My mother was the strongest woman. When I was young and the invasion was new, she still used to smile a lot, I remember. She made me laugh. She used to say if she ever met one of them she'd give them a piece of her mind. She was angry a lot, but I loved it. She had so much energy for that. When she went on a rant, talking so fast I could hardly follow her, I loved her. I didn't really think she could save the world, but if anyone could, sure it would have been her. She was righteous.

I'm looking at the smoke again when Turk runs up, panting like an idiot. "They're coming," he says. "They're coming up from the town." So I stand up and start yelling. I have everybody get up off the warm rock and go into the forest. I figure we'll go over the pass into the next valley.

I hate these people. A couple middle-aged women are crying and they're slow to get up. God, I'm yelling right in their face. I love my voice though. I wonder if the invaders can hear it, wherever they are.

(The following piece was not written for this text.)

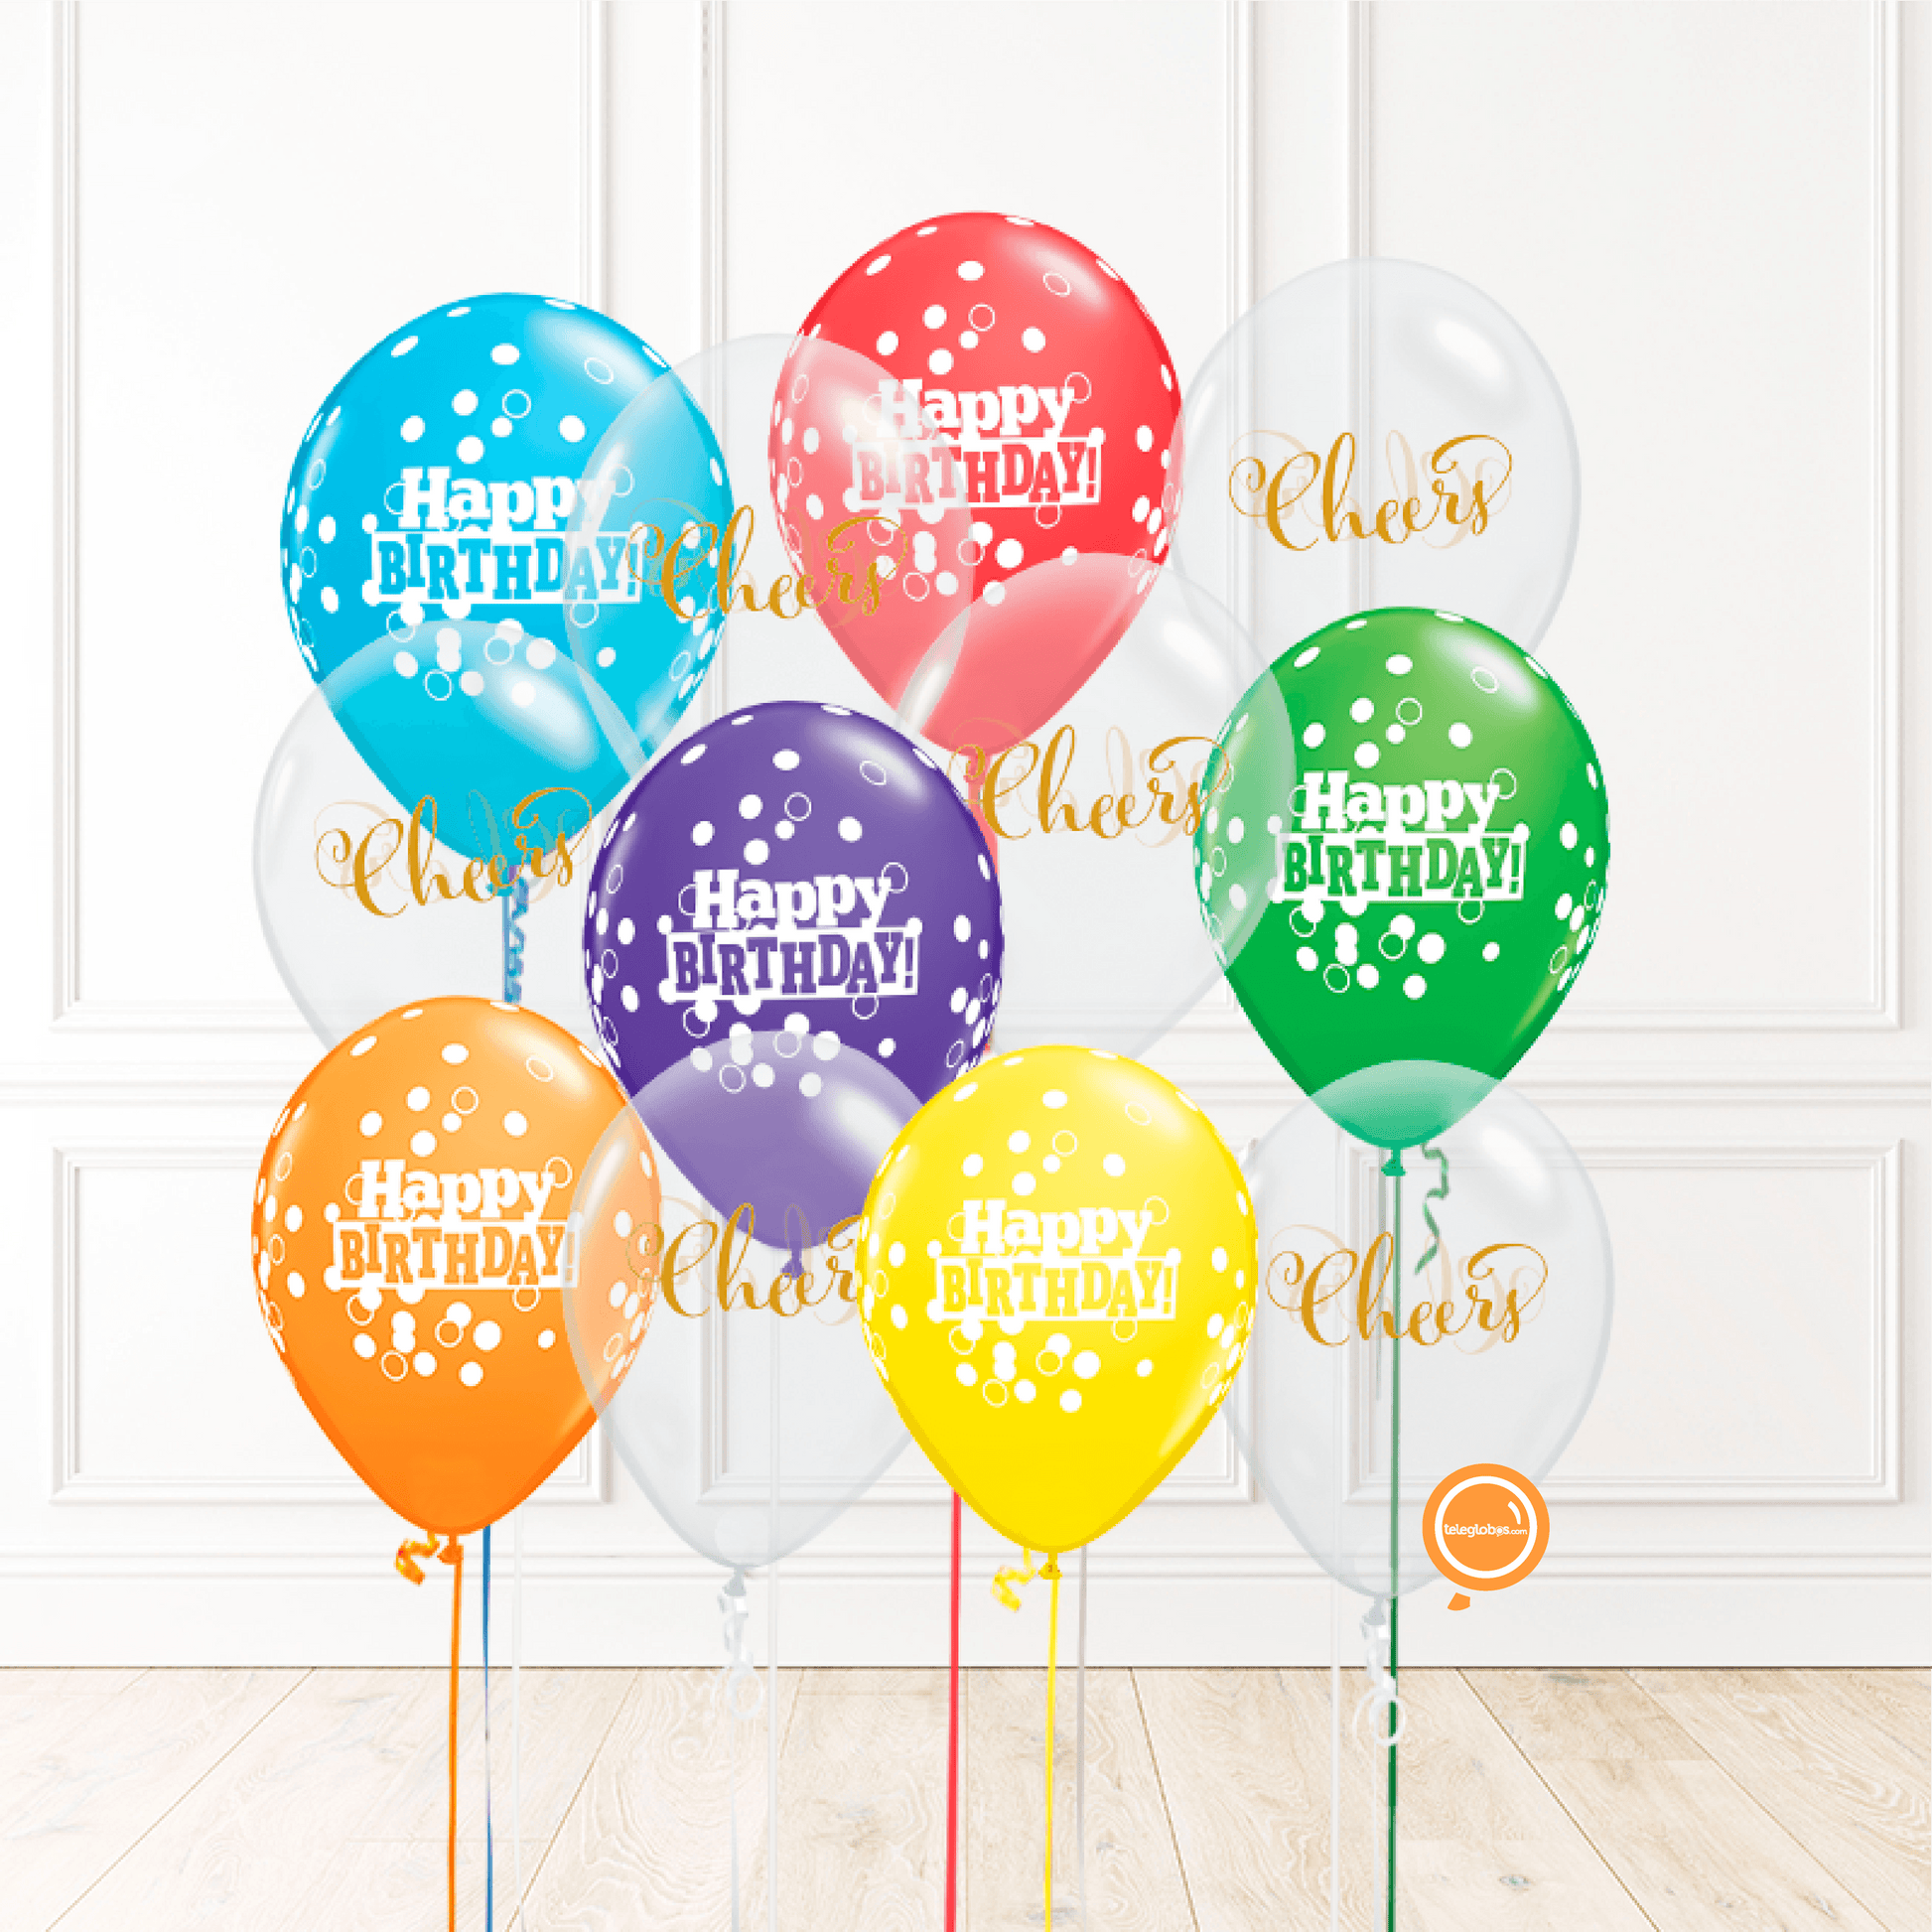 12 globos inflados con helio -Happy Birthday/Cheers- Bio* -RAC013-.

Finally I just run, right into the trees, getting whacked in the face by branches, and other people start to follow. I'll kill myself running up the side of the mountain. But I'm in better shape than most of these people and I've got to lead. Maybe if they see me doing it they'll do it too.

I feel the lurch in my stomach before I hear the explosion. Chunks of rock and wood the size of cars fly past me in an instant, rocketing against the mountainside and rebounding into snapping tree trunks. I didn't hear anybody cry out. Hopefully whoever got hit didn't feel much. The black smoke blows over me in another minute, and I start coughing as I run.

I really didn't think any of this would happen. I feel like my life went wrong about five years ago. I was supposed to go to college, learn sports medicine. Even while I'm running I have this damn nagging feeling in the back of my mind, like I have to go back, like there's something I forgot to do. It was one thing when the invaders first arrived. I was only a kid. For all a four-year-old knows, stuff like that is normal. And it was normal. It sucked but it was normal. In a little town like Millhoe, it was normal. We saw the deaths on TV and we couldn't travel much but we pretty much went about our lives. I was going to be a physical therapist or something. Turns out the libertarians were right. We were never going to be allowed to live.

It's just... I can't give up. It would be a crime. Anyway my mother would hate me for it if she were still alive. Her hate was a wonderful thing to behold. My stomach drops again and then the mountain disappears in front of me, and I swear I see grey sky and birds for a second but it's just my imagination, I'm seeing powdery dirt and dust, and then I know something's hit me when the trees seem upside-down. It's strange-- I don't know what-- those bastards! I think, I won't give up because to despair is a sin and it might not matter anymore but God my mother raised me better than that.